Neven Laštro

Personal information
- Date of birth: 1 October 1988 (age 37)
- Place of birth: Zenica, Bosnia and Herzegovina
- Height: 1.88 m (6 ft 2 in)
- Position: Defender

Team information
- Current team: Sesvete
- Number: 18

Senior career*
- Years: Team / Apps / (Gls)
- 2008: NK Kresevo-Stanic / 3 / (0)
- 2008-2009: ASKÖ Gmünd / 24 / (1)
- 2010: Suhopolje / 26 / (1)
- 2011–2014: Travnik / 71 / (2)
- 2014–2015: Široki Brijeg / 7 / (0)
- 2015: Osijek / 16 / (2)
- 2015–2016: Zrinjski / 25 / (2)
- 2016–2017: Mladost DK / 21 / (1)
- 2017–2019: Zrinjski / 10 / (0)
- 2019–2020: Than Quảng Ninh / 38 / (3)
- 2021: Cibalia / 15 / (0)
- 2022: Karlovac / 11 / (2)
- 2022–: Sesvete / 29 / (2)

= Neven Laštro =

Bosnian footballer

Neven Laštro (born 1 October 1988 in Bosnia and Herzegovina) is a Bosnian footballer who now plays for Sesvete in the Croatian Second Football League.

==Club career==
Lastro started his senior career with NK Kresevo-Stanic.

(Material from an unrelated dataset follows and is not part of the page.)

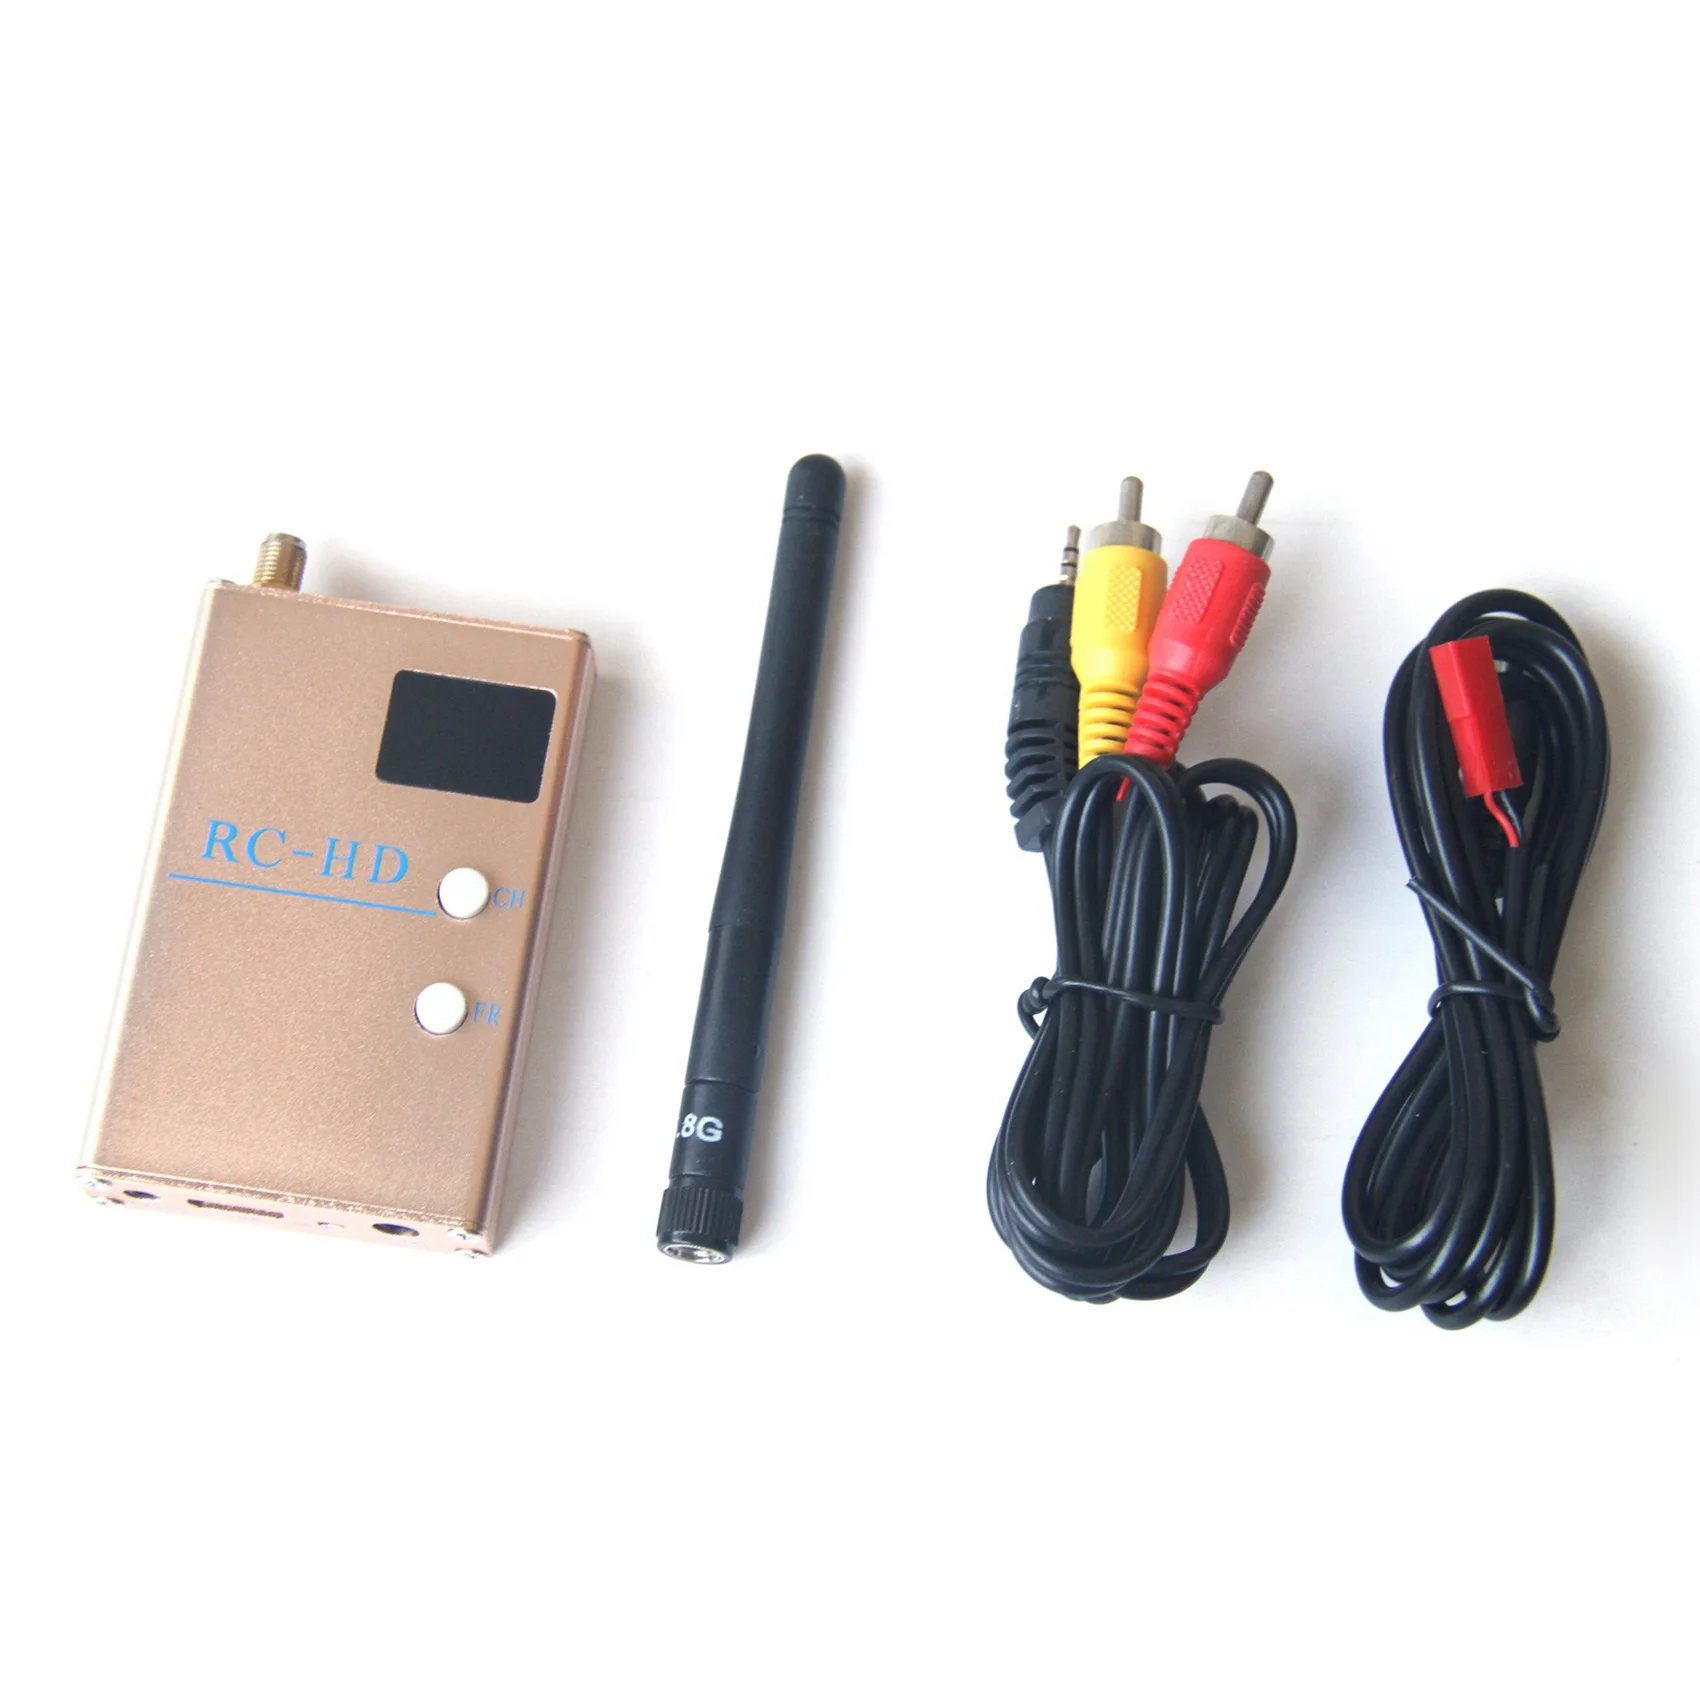 

FPV 5.8G 5.8GHz RC832HD RC-HD Receiver HDMI-Compatible with A/V and Power Cables for Quadcopter F450 S550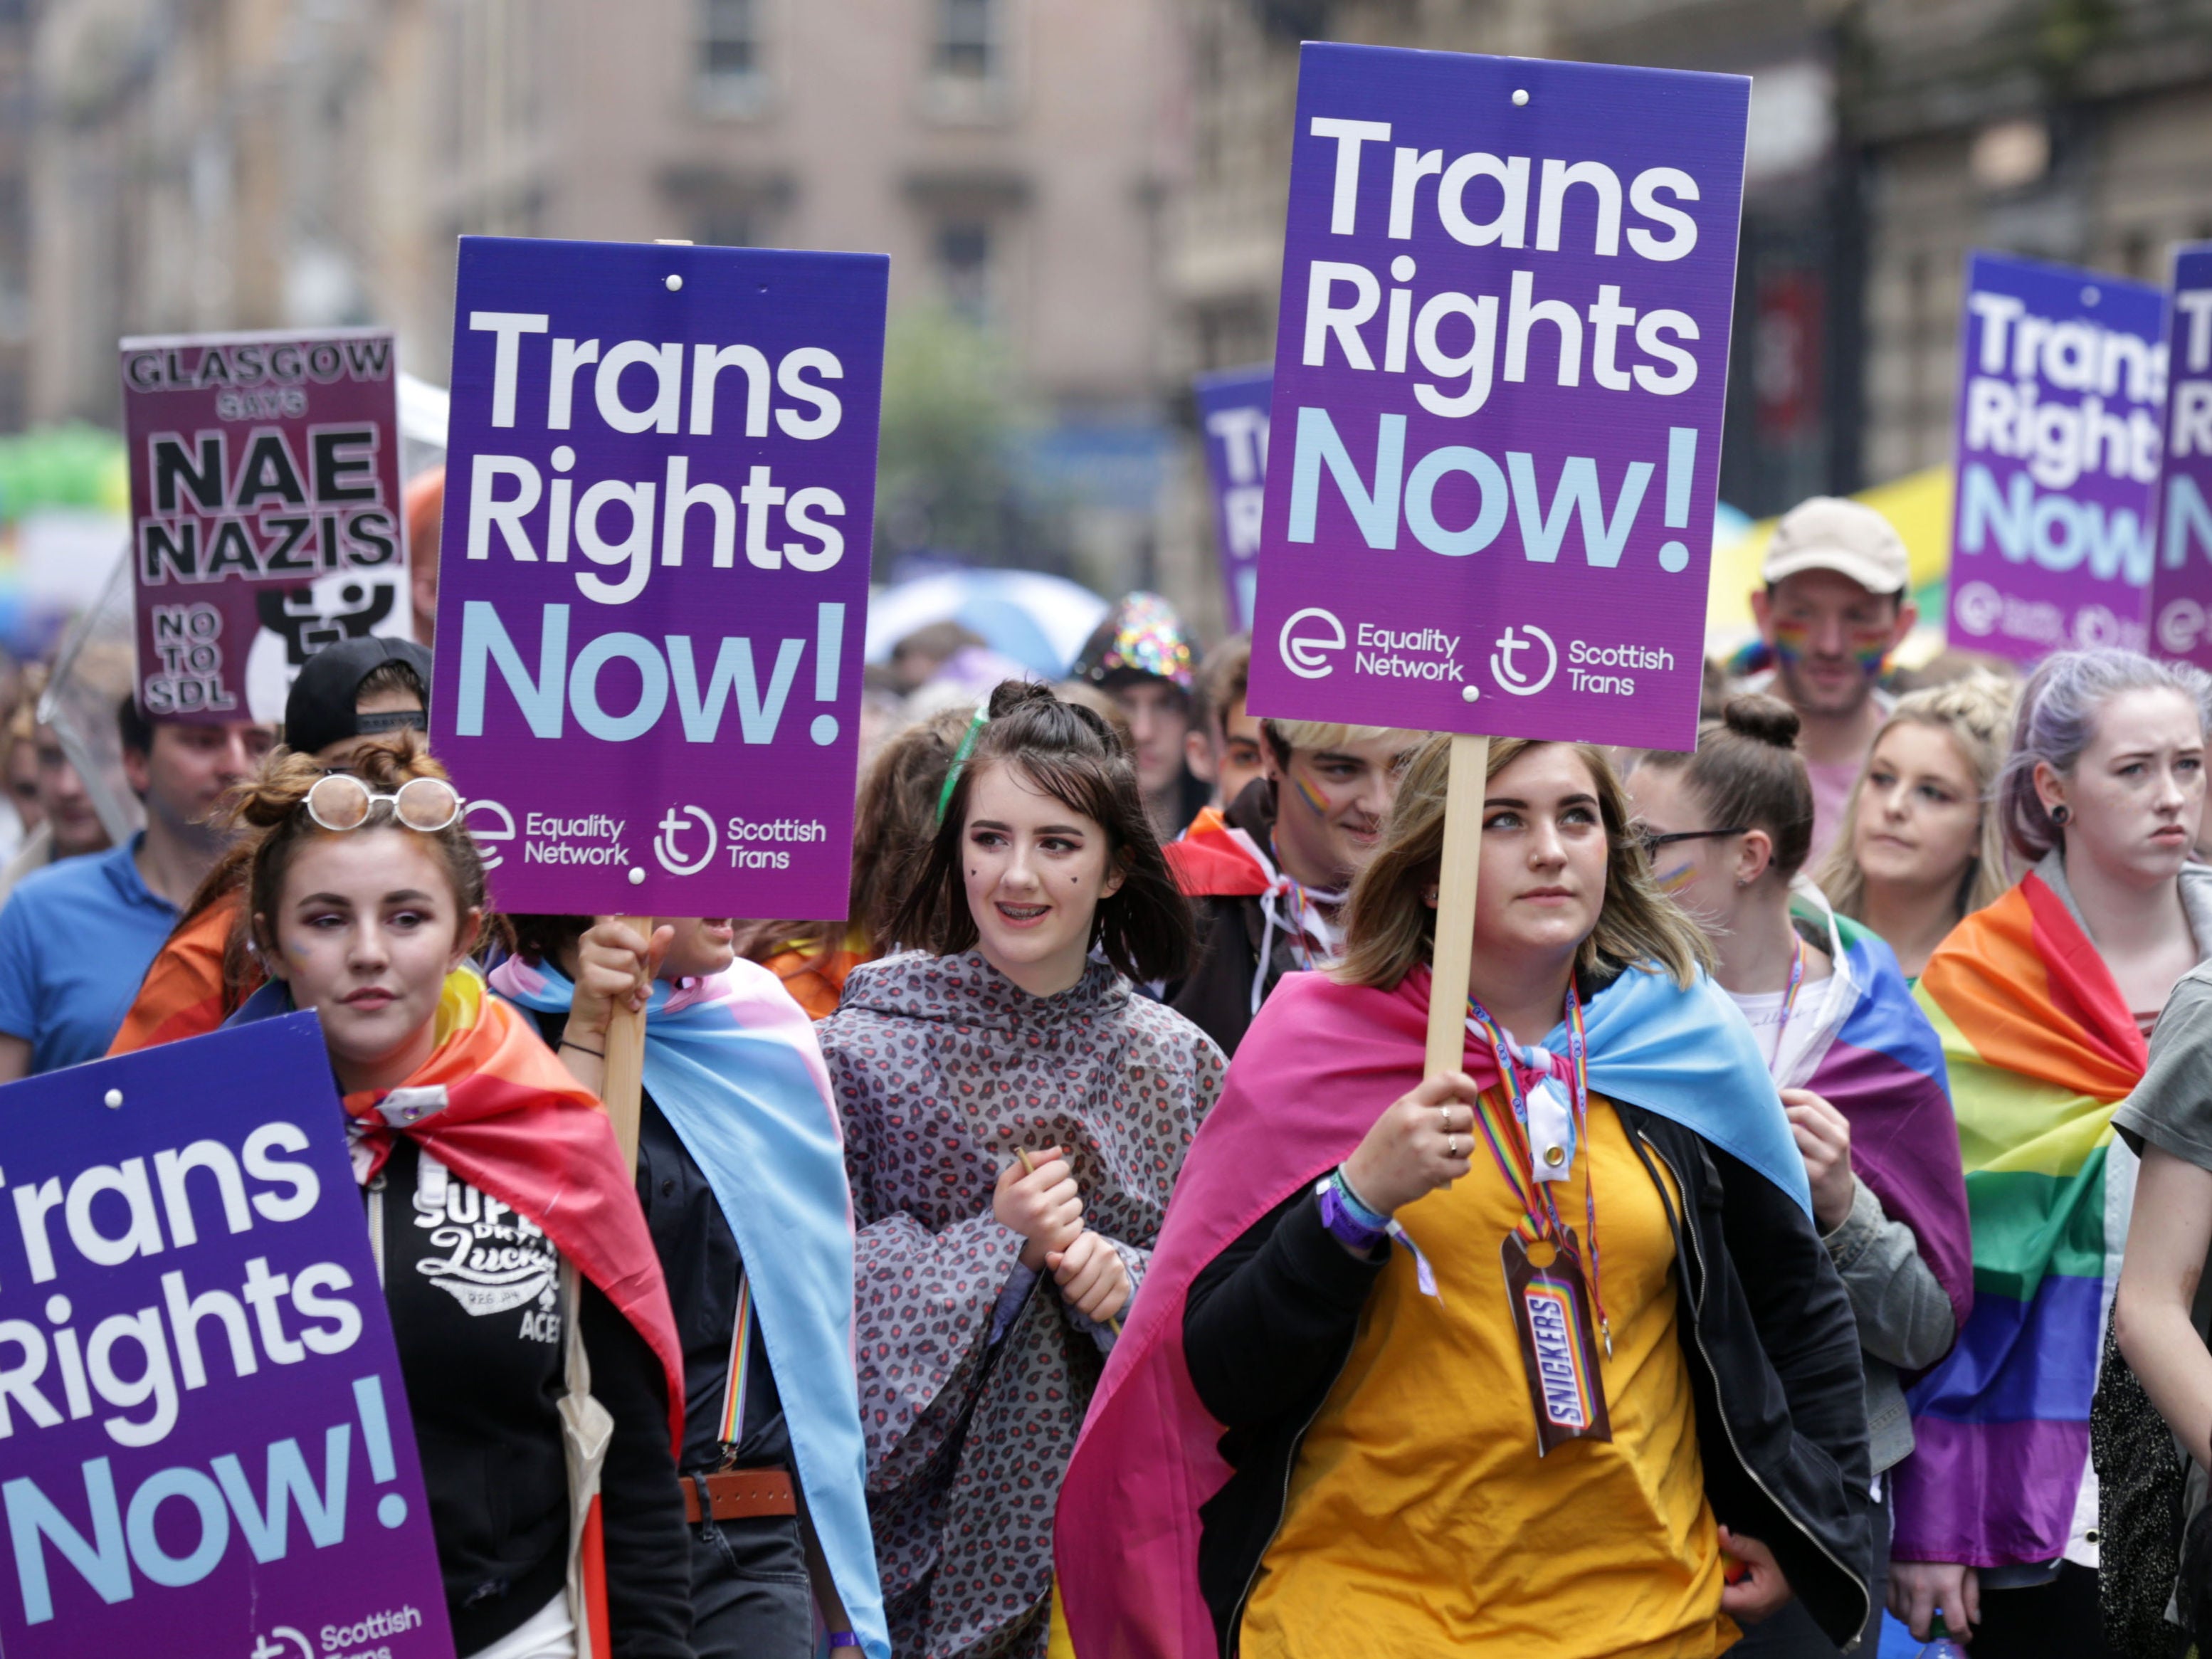 People protesting for Trans rights take part in the Pride parade in Glasgow

After that, he played for ASKÖ Gmünd, HNK Suhopolje, NK Pitomača, NK Travnik, NK Široki Brijeg, NK Osijek, HŠK Zrinjski Mostar, and FK Mladost Doboj Kakanj. In 2019, he signed for CLB Than Quảng Ninh in the Vietnamese V.League 1, where he has made twenty-six league appearances and scored one goal.